Has the pull up bar lost it's appeal or usefulness?  We don't think so.  Outfit your garage gym or basement with one of the most effective training tools right here.

Hammerhead Strength Equipment is a functional fitness and strength equipment manufacturer proudly outfitting Garage Gyms and Commerical Facilites throughout the US and beyond.

Saturday, February 22, 2014

The Countdown Timer 'UnPlugged'

One of the most important pieces in the gym is the countdown timer.  Ask any coach who uses one and they'll tell you that without it, their programming would likely have to take on a whole new twist.

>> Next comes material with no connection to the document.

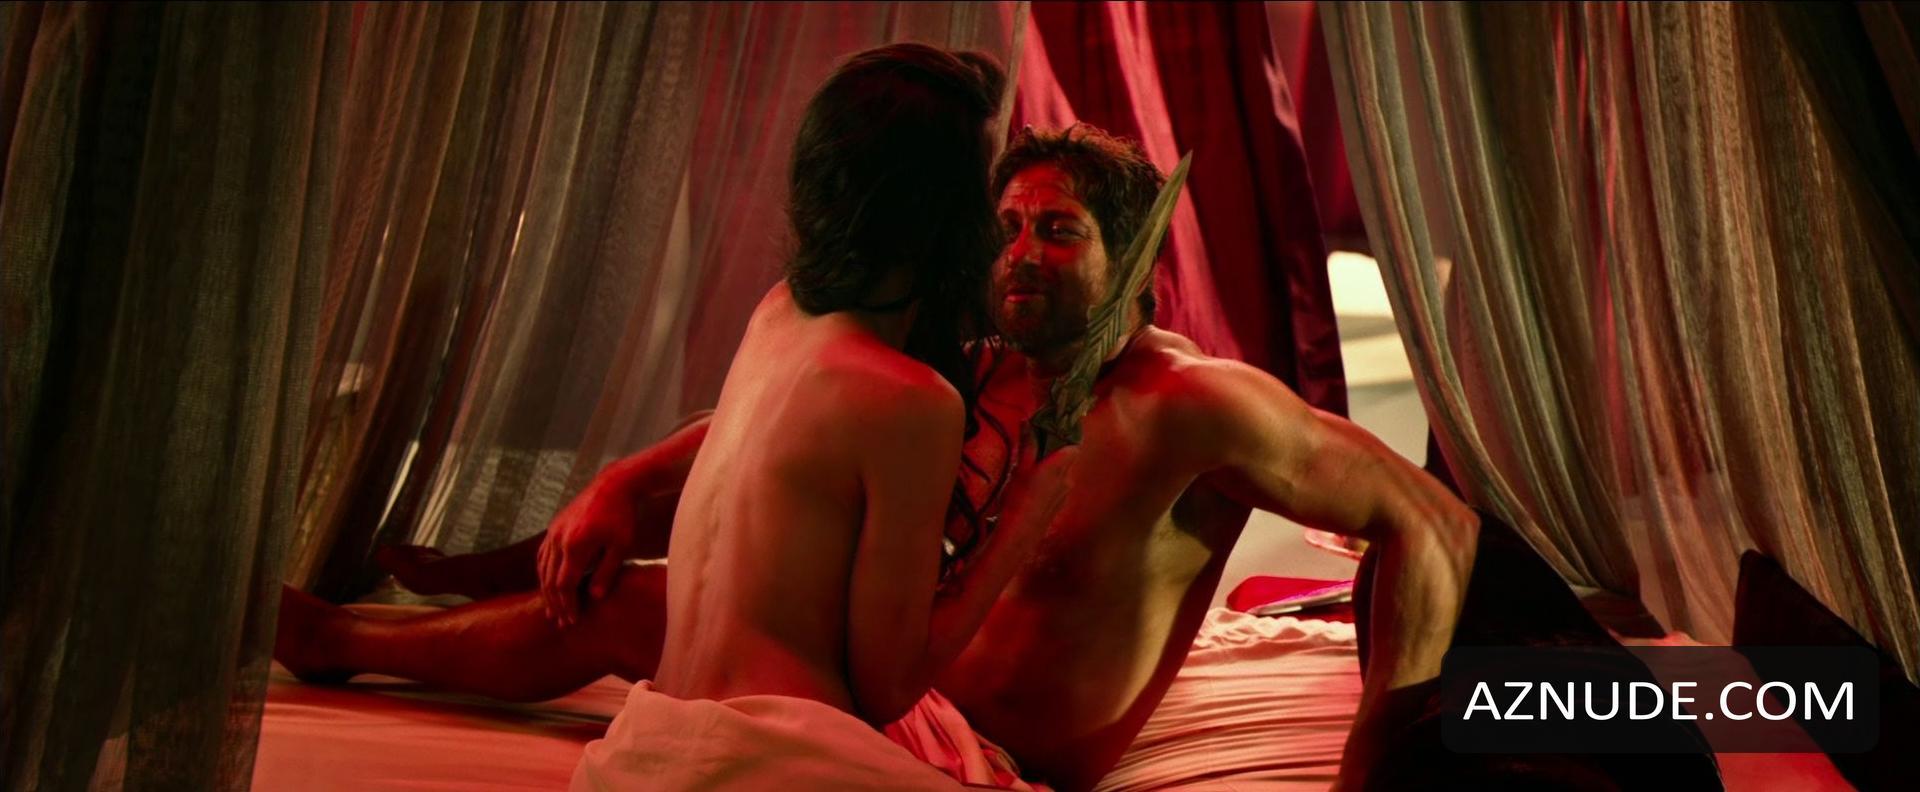 Gods Of Egypt Nude Scenes - Aznude-3136

Without a gym timer, much of the programming in today's functional fitness gym would be vastly different.  Why is that?  It's because of the fact that this one simple tool is capable of being the coach, the motivator and the judge all in one neat little package.

For the CrossFit Affiliate or Garage Gym athlete, the countdown timer brings on an intensity to the training that can be difficult to muster without.  For those that need the extra incentive or that extra push, the timer is up to the task.  It keeps us on track and motivated to keep moving.  No matter the workout - whether it's three rounds of Pull Ups, Push Ups and Squats or Squat Cleans and Kettlebell presses, adding the element of time into the mix increases the intensity dramatically.  And we've all seen that appropriate levels of intensity gets results without injury.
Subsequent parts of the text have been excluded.